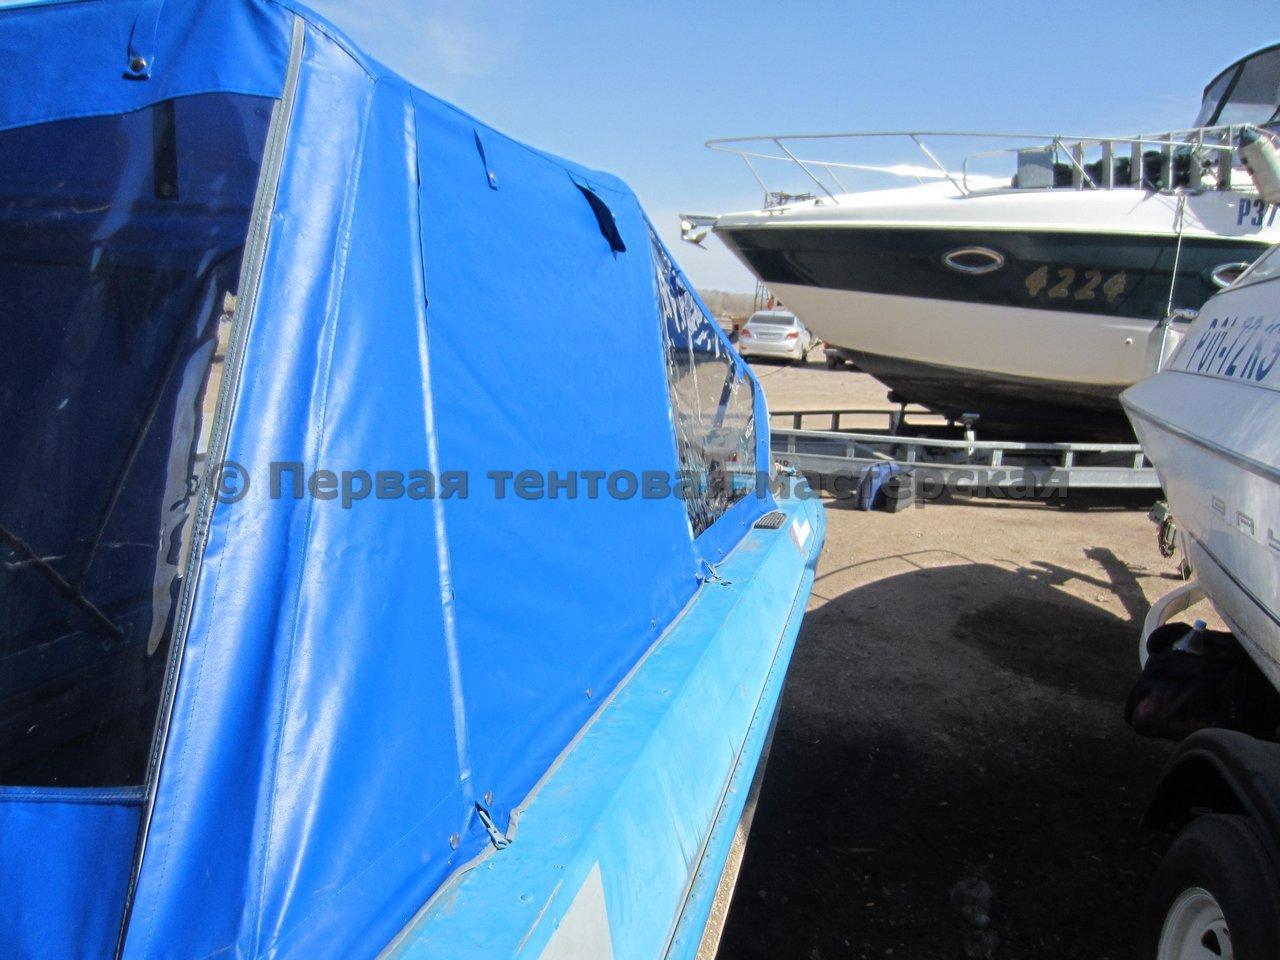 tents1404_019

* * *

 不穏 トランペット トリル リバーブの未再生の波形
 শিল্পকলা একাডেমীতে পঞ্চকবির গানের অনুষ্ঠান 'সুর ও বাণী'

...

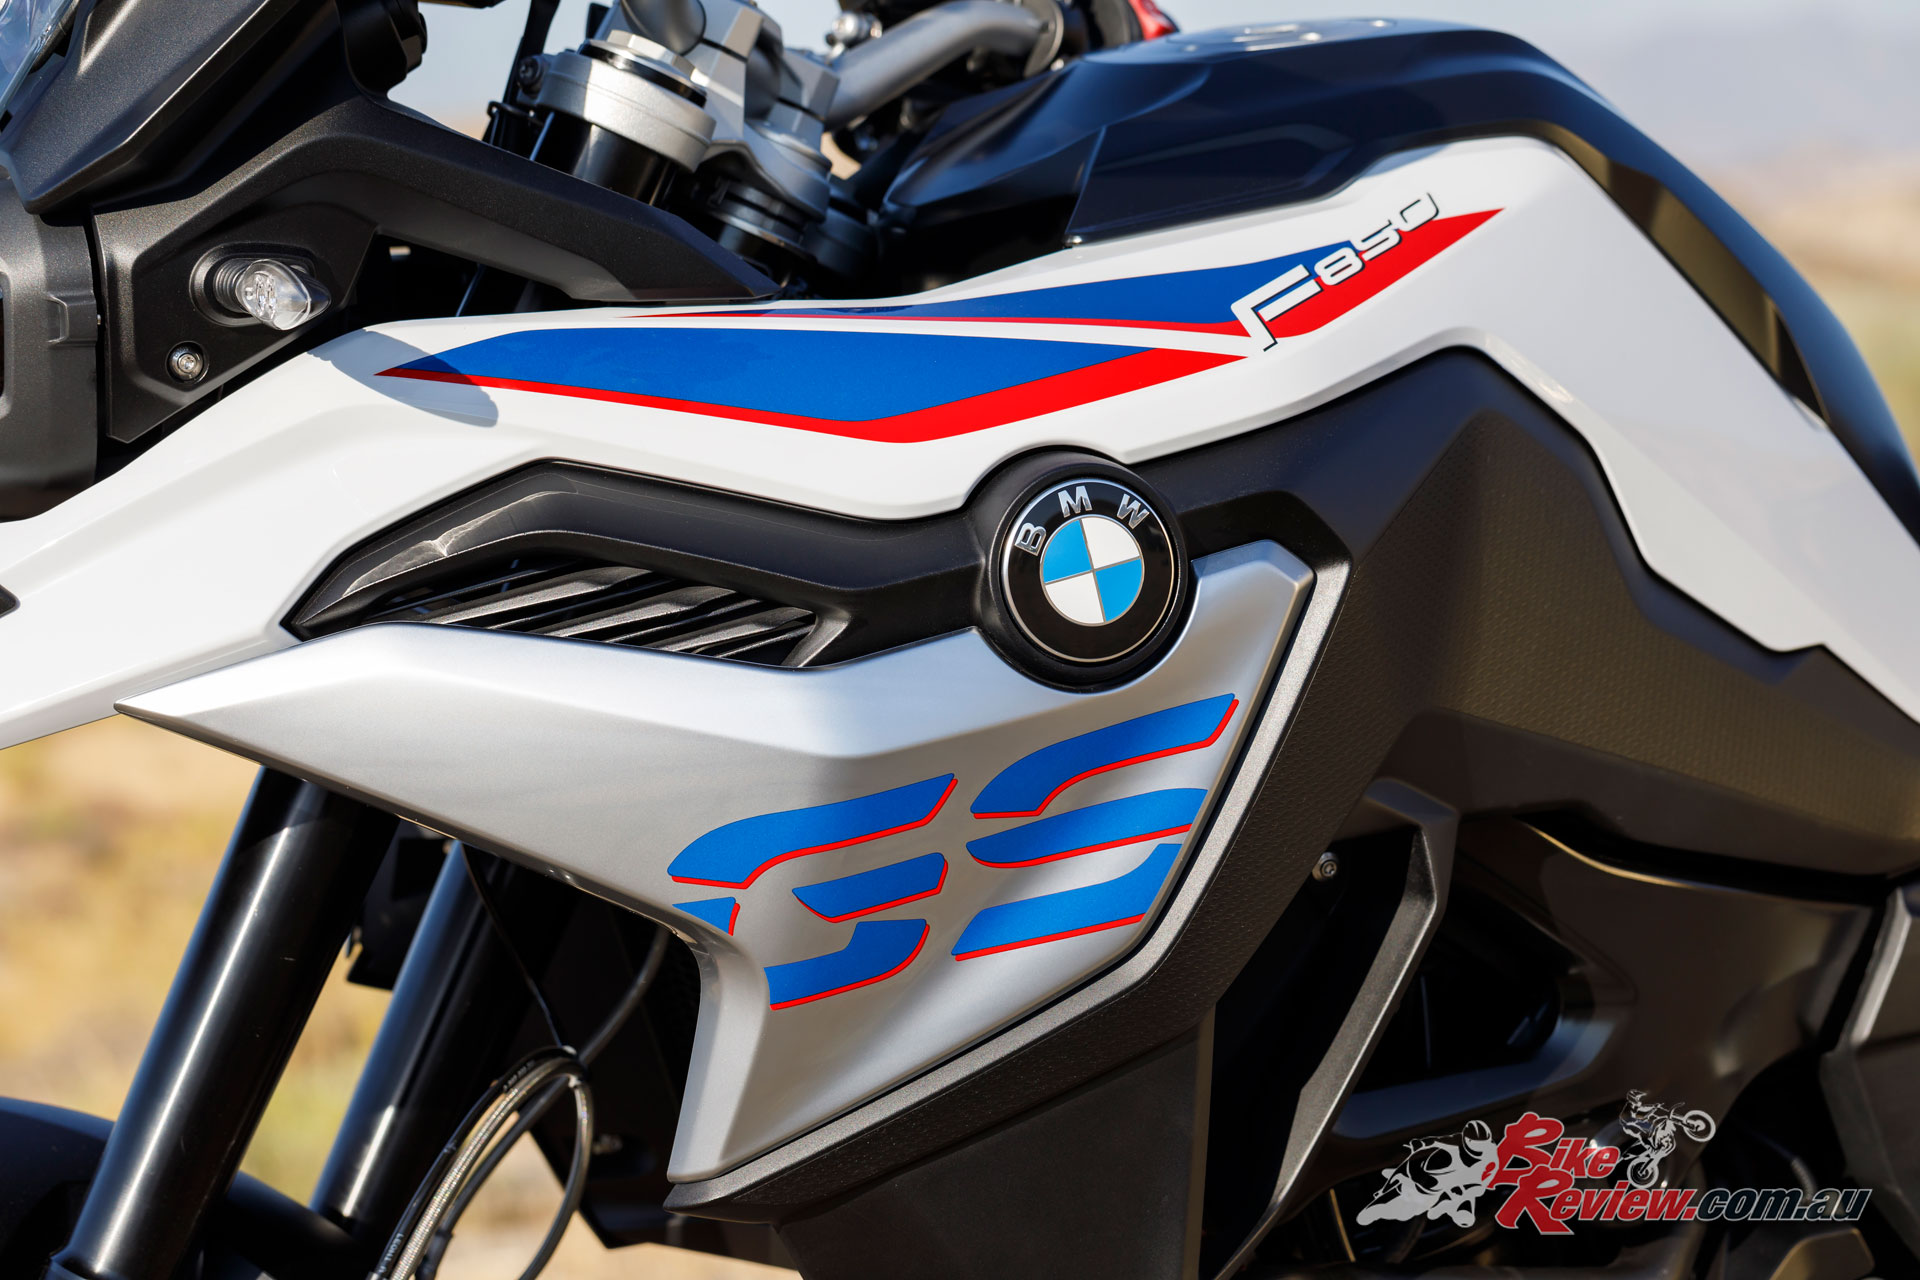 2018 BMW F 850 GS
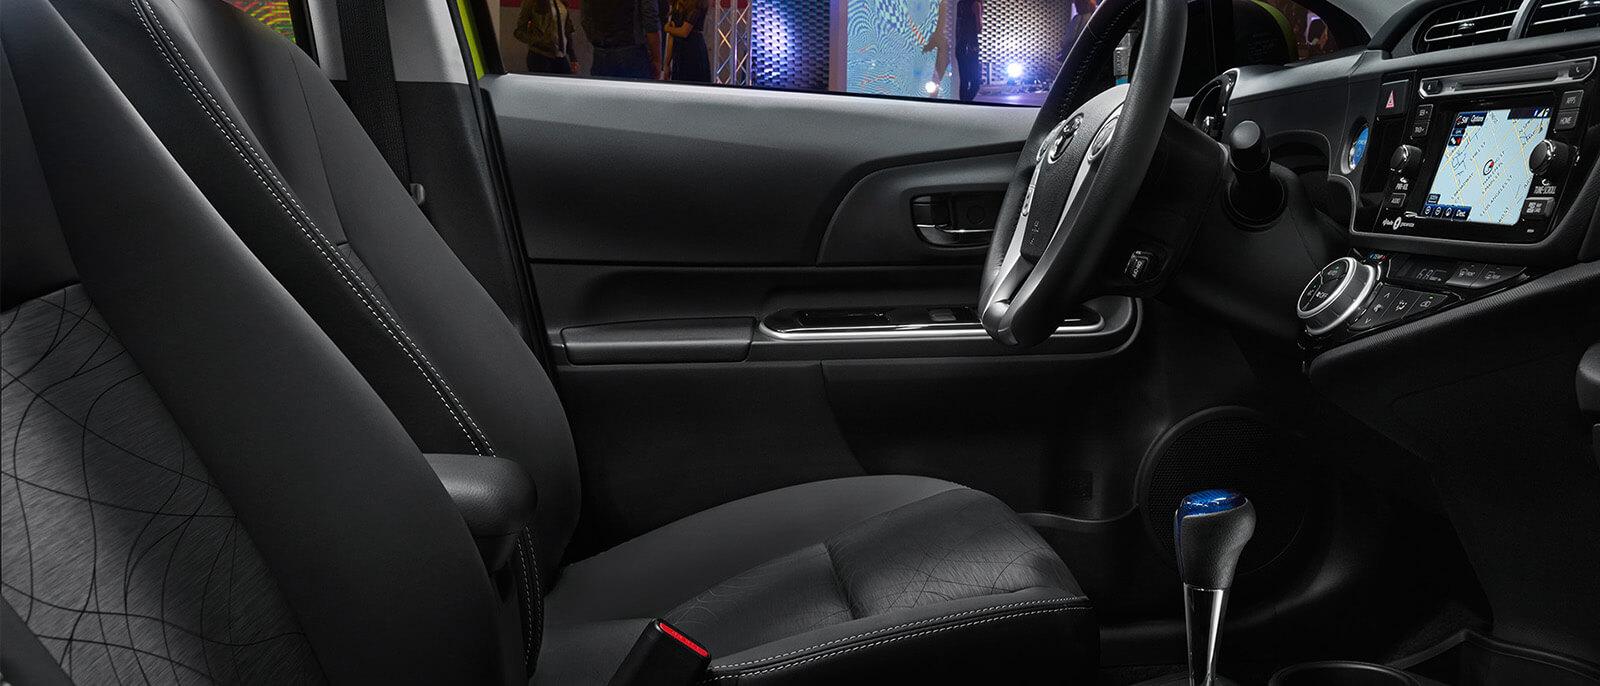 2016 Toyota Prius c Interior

§ About this task: Above are the lines; repeat exactly the ones from the line containing "不穏 トランペット トリル リバーブの未再生の波形" down to the line containing "শিল্পকলা একাডেমীতে পঞ্চকবির", both inclusive.

§ Expected answer:
 不穏 トランペット トリル リバーブの未再生の波形
 শিল্পকলা একাডেমীতে পঞ্চকবির গানের অনুষ্ঠান 'সুর ও বাণী'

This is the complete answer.